However, if the rolling surface includes a region having a different curvature (including a case where the curvature of the rolling surface is uneven) such as a hole or a flat portion due to some reason, rattling or an undesirable noise due to the change in curvature is easily generated during an operation of the upper base unit and therefore, an operation of the seat.
Such a problem may also occur when adopting a configuration in which the seat rolls only in a front-rear direction or only in a left-right direction.
The present invention has been made by focusing on such a problem, and an object thereof is to realize an unprecedented chair in which movement of a seat by using a rolling surface can be smoothly performed.
The present invention adopts the following means to achieve such an object.
That is, a chair of the present invention includes an upper base unit and a lower base unit facing each other, and a seat that is provided in the upper base unit and swings when the upper base unit rolls with respect to the lower base unit, and at least one of the upper base unit and the lower base unit includes a rolling surface being curved.
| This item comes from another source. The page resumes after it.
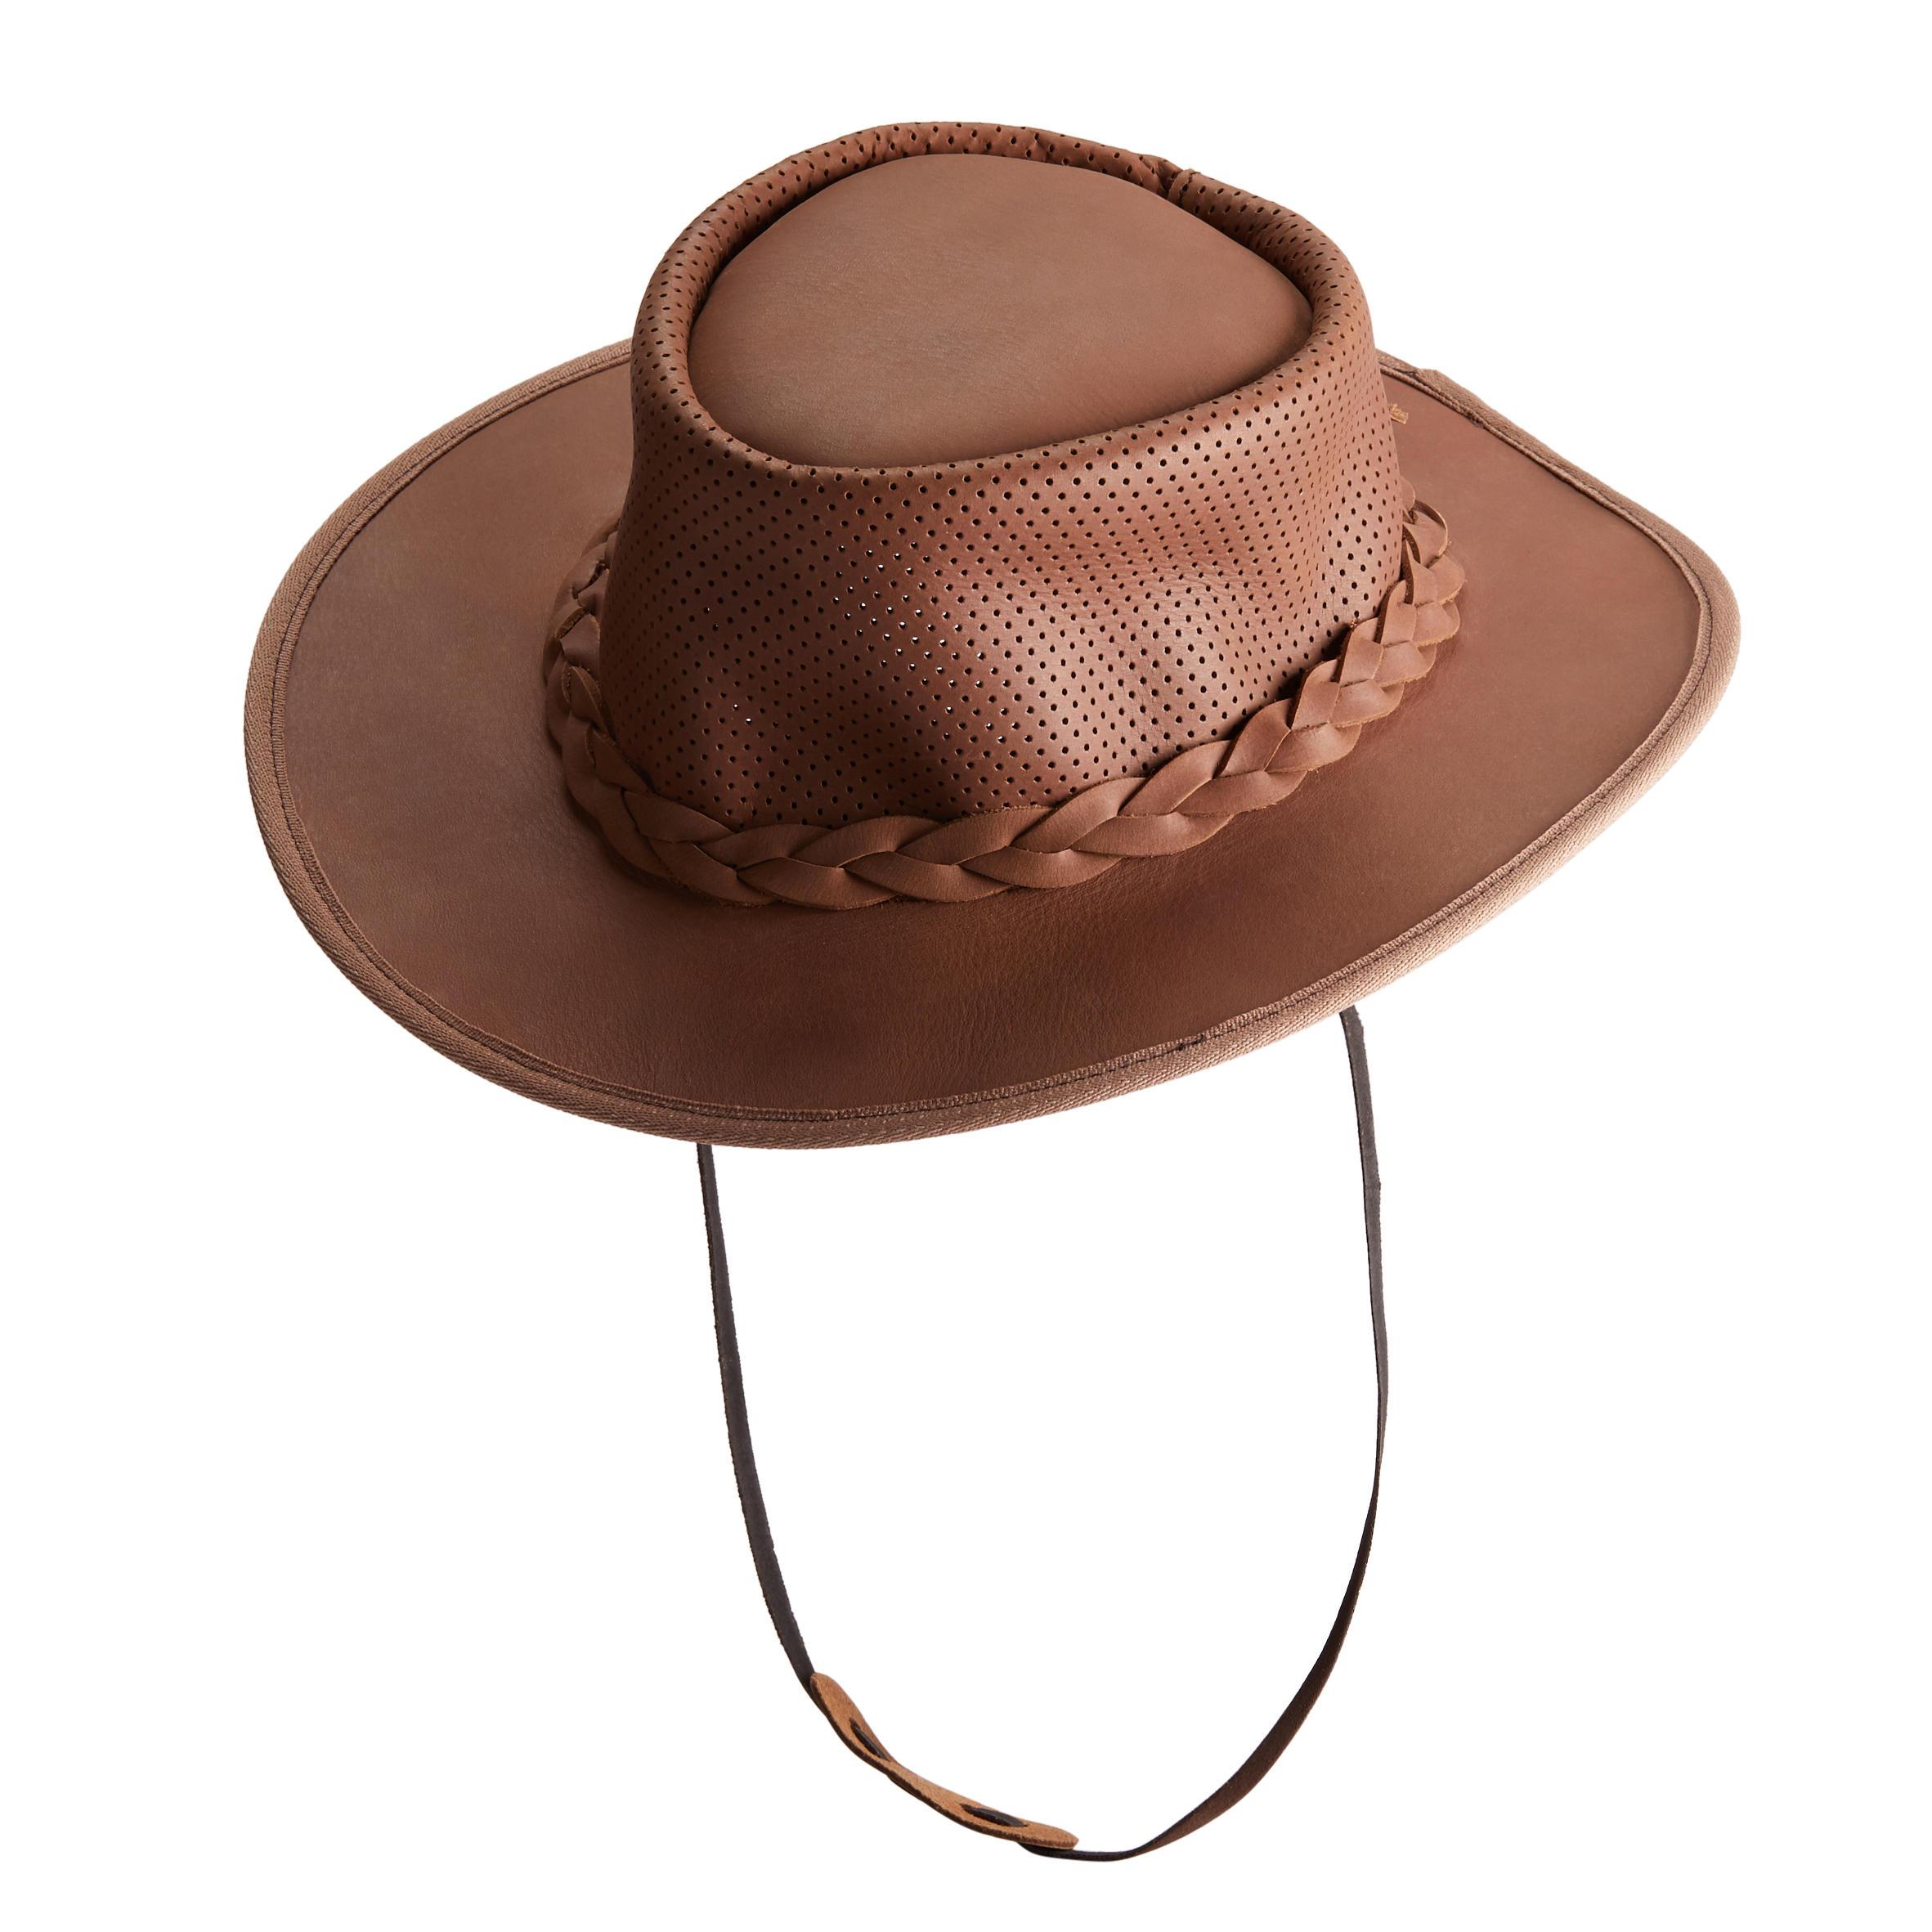 Pălărie CROSSOVER maro imagine produs

In the chair, a region having a different curvature exists in a part of the rolling surface, and an elastic member is interposed between the region having the different curvature and a corresponding region of an opposing surface.
According to such a configuration, the upper base unit can follow a movement of a seated person while rolling via the rolling surface, and thus, the seated person can easily find a weight balance while supporting his or her own weight, and can change his or her posture stably and continuously. At that time, even if a region having a different curvature exists in a part of the rolling surface, the elastic member interposed between the region of the rolling surface and a corresponding region of the opposing surface makes it possible to effectively prevent rattling and generation of an undesirable noise due to the change in curvature, during the operation of the upper base unit, and therefore, the operation of the seat.
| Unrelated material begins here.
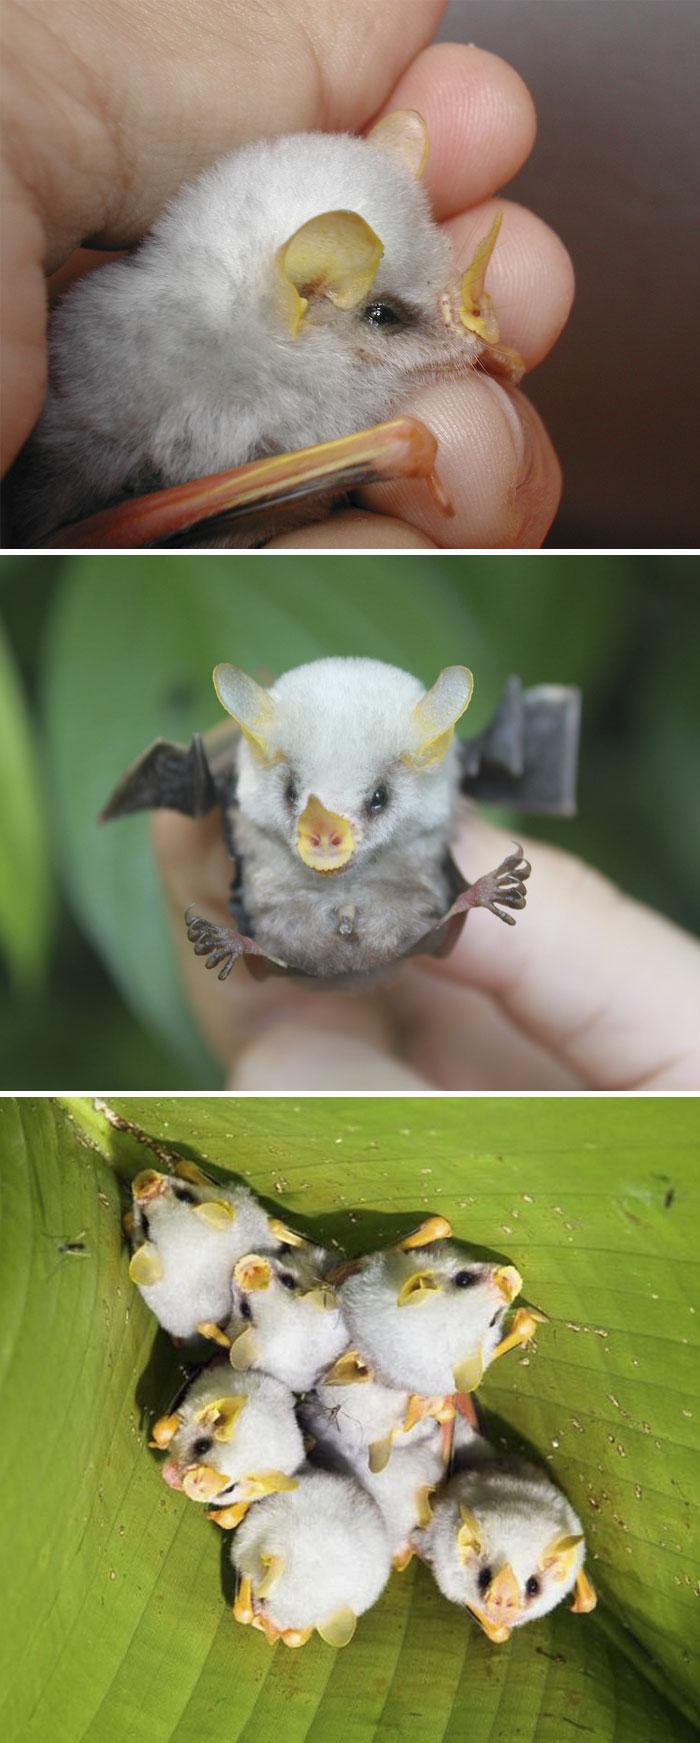 太难得了!这些珍稀动物幼崽你可能从来没见过! 天了噜!小组 果壳网 科技有意思

In a specific aspect, the chair includes a connection member that connects the upper base unit and the lower base unit, and the region having the different curvature is a relief hole for inserting the connection member.
This is particularly effective in a case where the upper base unit swings in a direction of 360 degrees with respect to the lower base unit, and the relief hole is provided at three or more locations around a swing center.
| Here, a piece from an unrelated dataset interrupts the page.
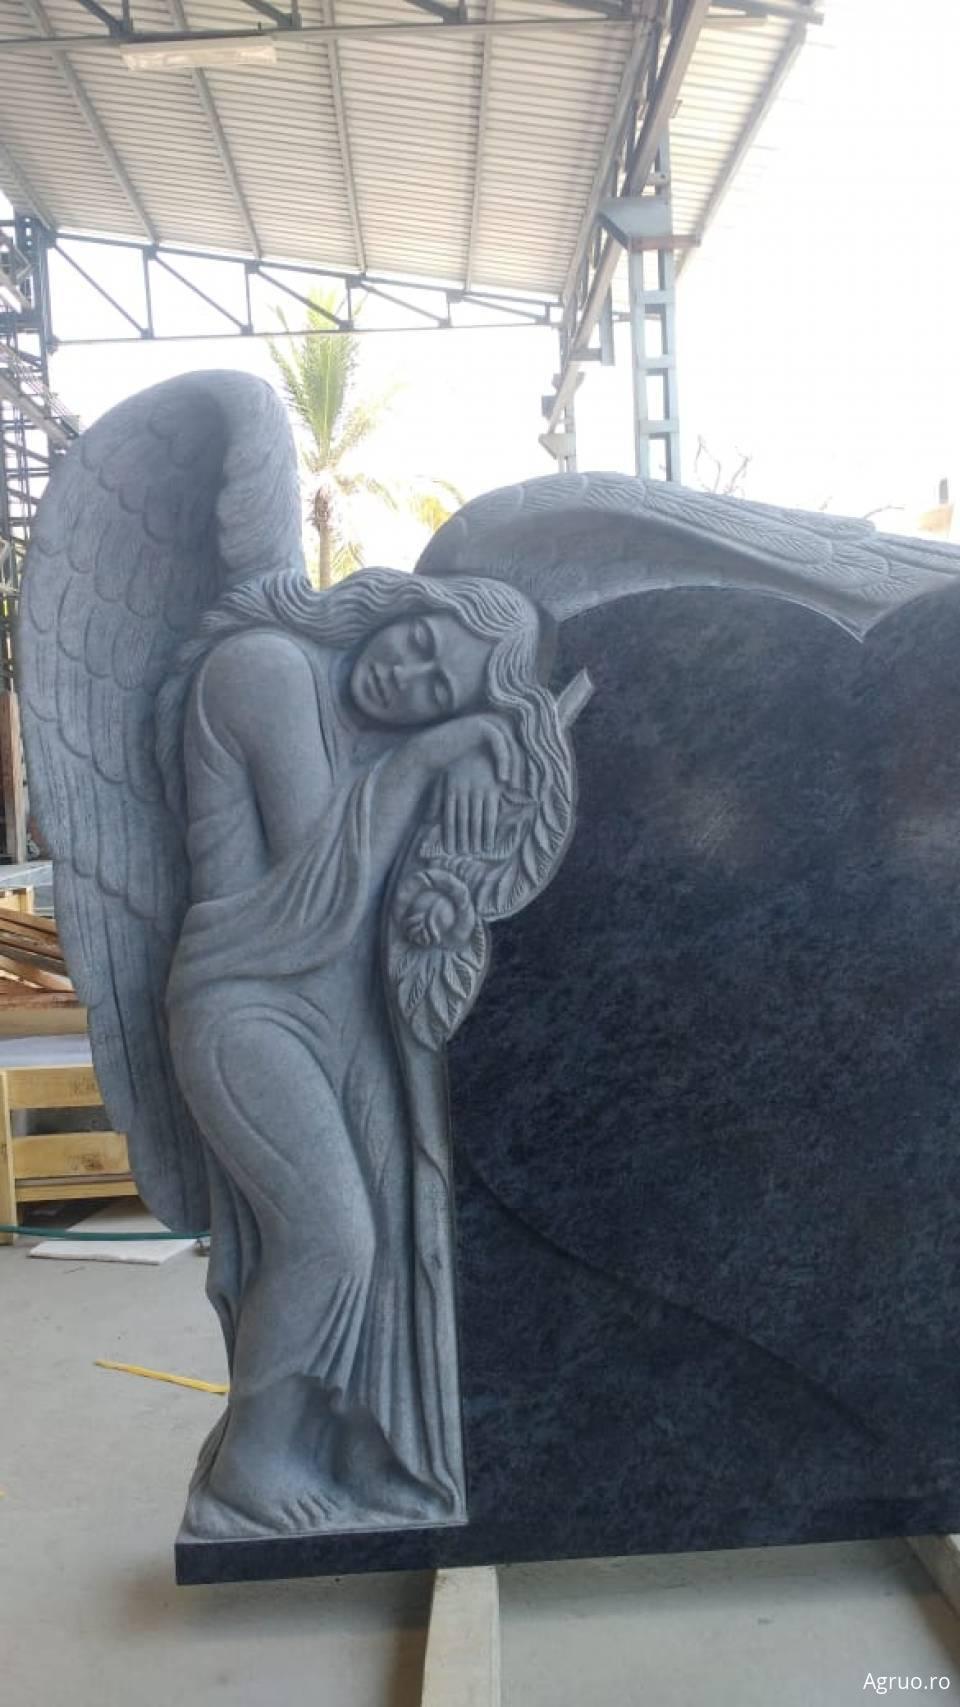 Monumente funerare6177

A specific example of the connection member includes a rotation stop member that restricts a relative movement of the upper base unit and the lower base unit in a rotation direction.
Another specific example of the connection member includes a detachment stop member that restricts a separation between the upper base unit and the lower base unit.
Still another specific example of the connection member includes a constitution component of a braking mechanism that slows down a movement of a seat by a relative movement of two members.
Still another specific example of the connection member includes a return spring interposed between the upper base unit and the lower base unit and the return spring returns the upper base unit to a predetermined reference position with respect to the lower base unit.
In a preferable aspect, the elastic member is an elastic resin foam body interposed between the upper base unit and the lower base unit.
In another preferable aspect, the elastic member is an elastic sheet interposed between the upper base unit and the lower base unit.
The elastic member is preferably also provided with a relief hole.
The configuration that employs the rotation stop member is extremely useful when applied to a chair in which an arm is attached to the lower base unit and a seat is attached to the upper base unit.
The present invention has the configuration described above, and thus, it is possible to follow a free movement of a seated person via a rolling surface, and, even if the rolling surface includes a region having different curvature (including a case where the curvature of the rolling surface is uneven) such as a hole or a flat portion due to some reason, rattling and an undesirable noise can be suppressed. Thus, it is possible to provide a novel, useful chair that can appropriately support a movement of the seated person continuously changing his or her posture while balancing his or her load.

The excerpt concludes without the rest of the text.